"Niteni, Nirokke, Nambahi" – Ki Hajar Dewantara
PENDAPA AGUNG TAMANSISWA
Perguruan Tamansiswa pertama kali didirikan di Yogyakarta, yang dahulu dikenal dengan nama Mataram. Hari dan tanggal berdirinya ialah hari Senin Kliwon, tanggal 3 Juli 1922, yang bersamaan dengan tanggal 8 bulan Zulkaidah tahun Ehe 1852 dan tahun Hijrah 1348. Karena RM. Suwardi Suryaningrat diserahi tugas oleh Sarasehan "Selasa Kliwonan" mengelola pendidikan anak-anak maka bagian perguruan yang pertama kali didirikan adalah Taman Lare (Taman Indria). Pendidikan dimulai dengan satu kelas dengan jumlah peserta didik sebanyak 25 anak. Gedung perguruan terletak di Kampung Tanjung, yang sekarang diberi nama jalan Gajah Mada (Station Weg) Nomor 28 dan 30 Yogyakarta, yang sekarang ini dipakai oleh Yayasan Taman Ibu untuk persekolahan. Perguruan Tamansiswa terus berkembang dan jumlah peserta didiknya juga terus bertambah, maka diperlukan tanah pekarangan yang luas untuk menampung jumlah siswa yang terus bertambah besar tersebut.

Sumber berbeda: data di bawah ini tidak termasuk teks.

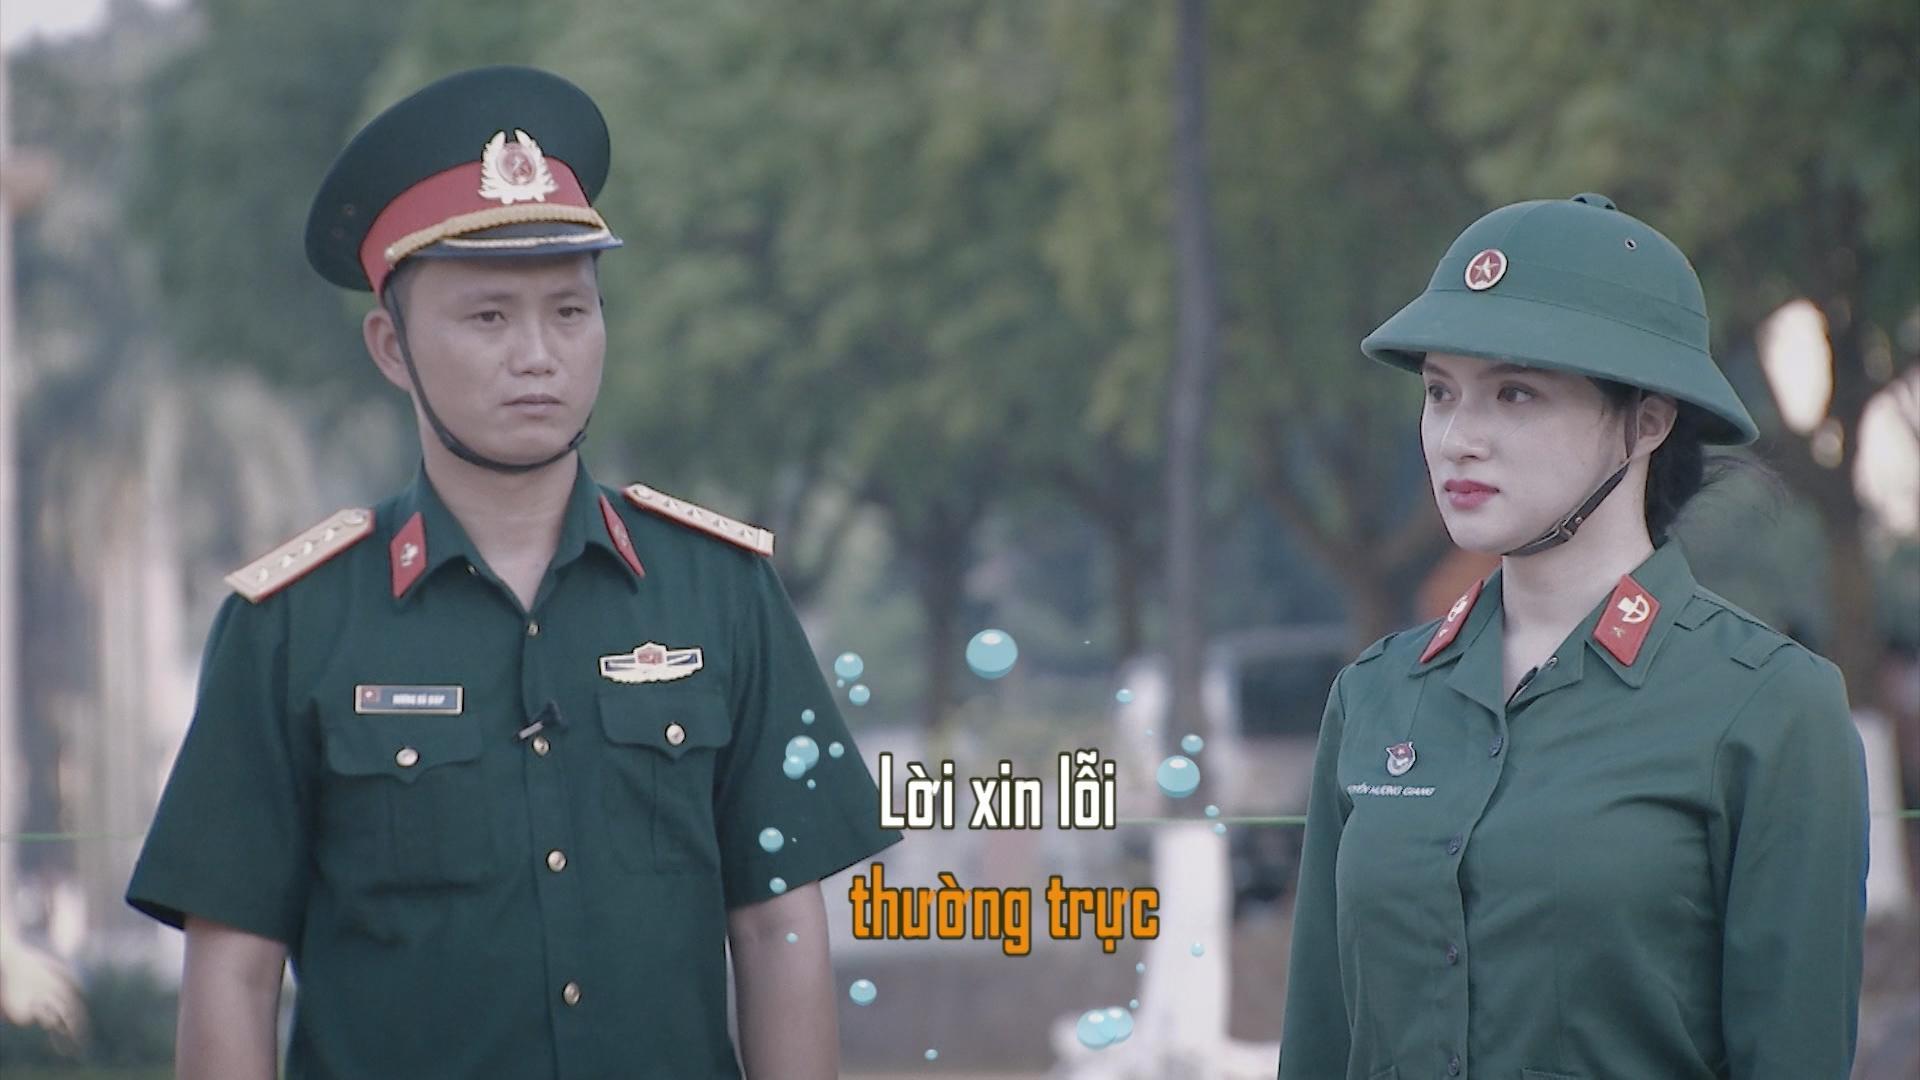 Hương Giang Idol bị chấn chỉnh vì nói năng điệu đà trong quân ngũ-6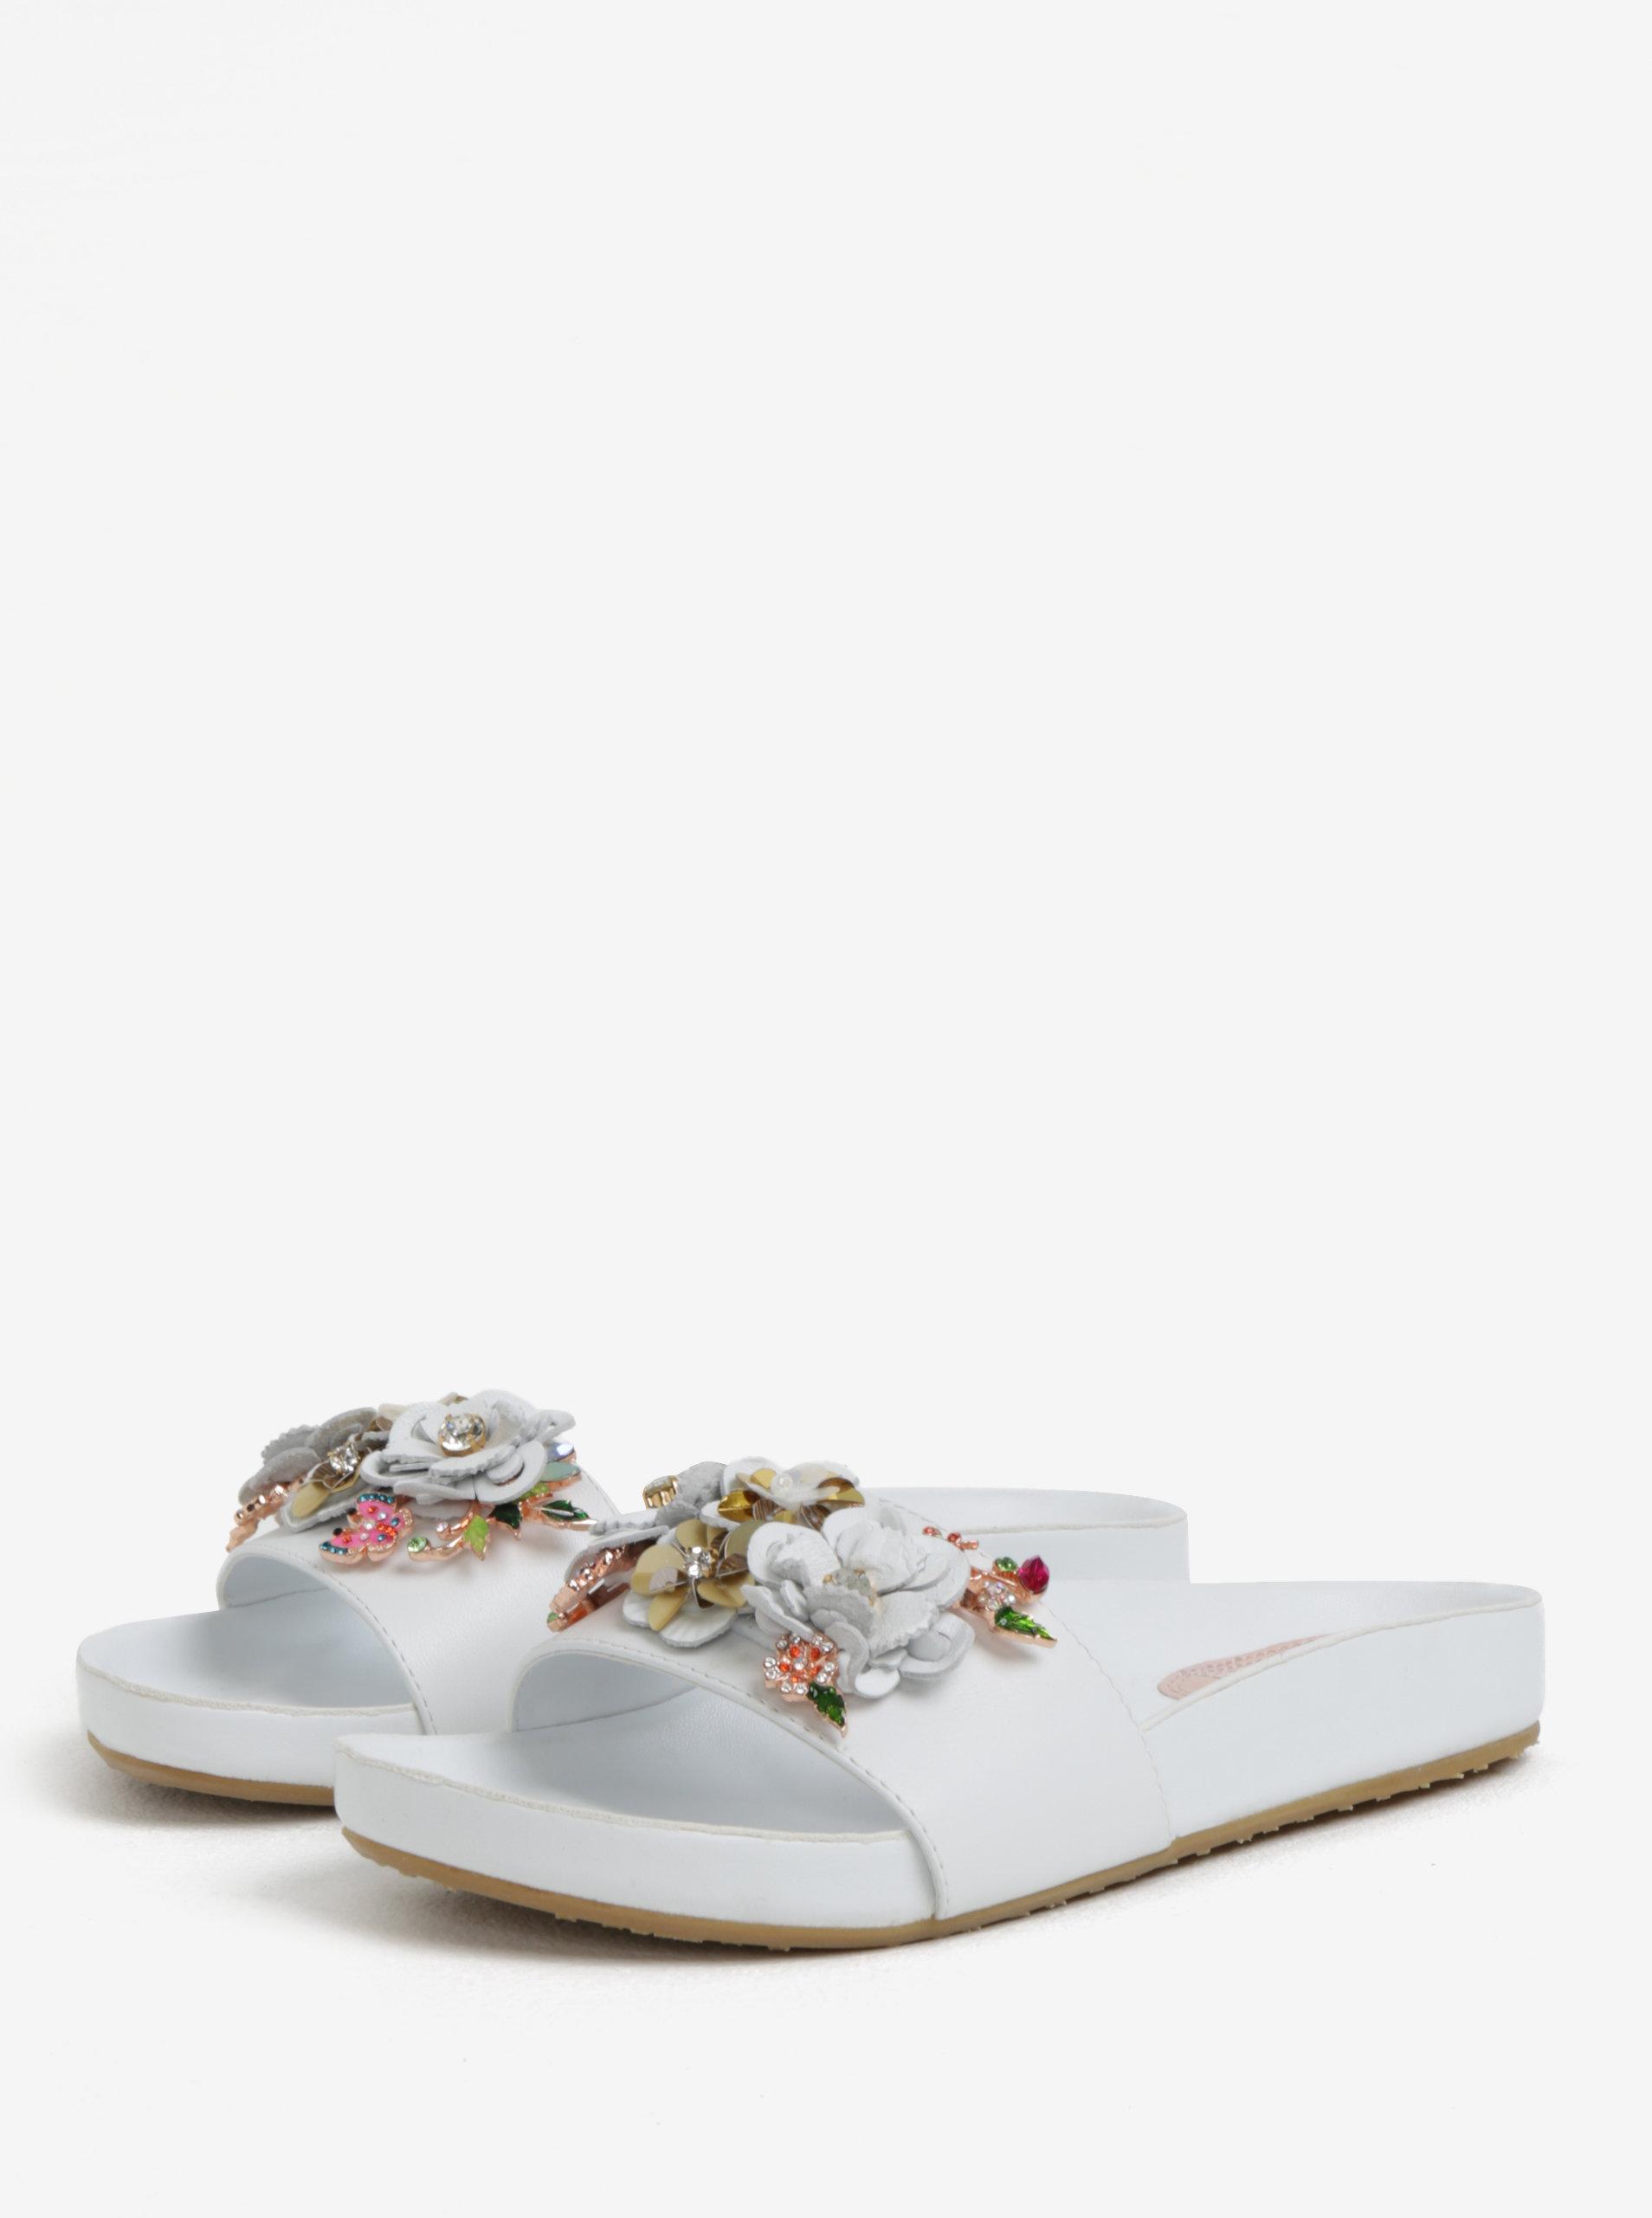 5554959b2f04 Biele dámske kožené šľapky s kvetinovou ozdobou Dune London Laelia ...

Untuk kepentingan ini Tamansiswa Yogyakarta yang waktu itu berkedudukan di Jln. Stasiun berusaha membeli tanah pekarangan yang luas. Maka pada tanggal 14 Agustus 1935, dapatlah dibeli sebuah tanah pekarangan dengan rumah beserta isinya yang teletak di Jln. Wirogunan (Sekarang Jln. Tamansiswa) nomor 31-33 Yogyakarta. Luas bangunan 300 m2, berdiri di atas tanah 2.720 m2. Uang yang dipakai untuk membeli pekarangan tersebut diperoleh dari “Bank Nasional” yang dibayar kembali dengan bunga yang sangat rendah. Pada waktu itu yang menjadi Ketua Majelis Luhur adalah Ki Sudarminta dan pimpinan Bank Nasional adalah Ki R. Rudjito.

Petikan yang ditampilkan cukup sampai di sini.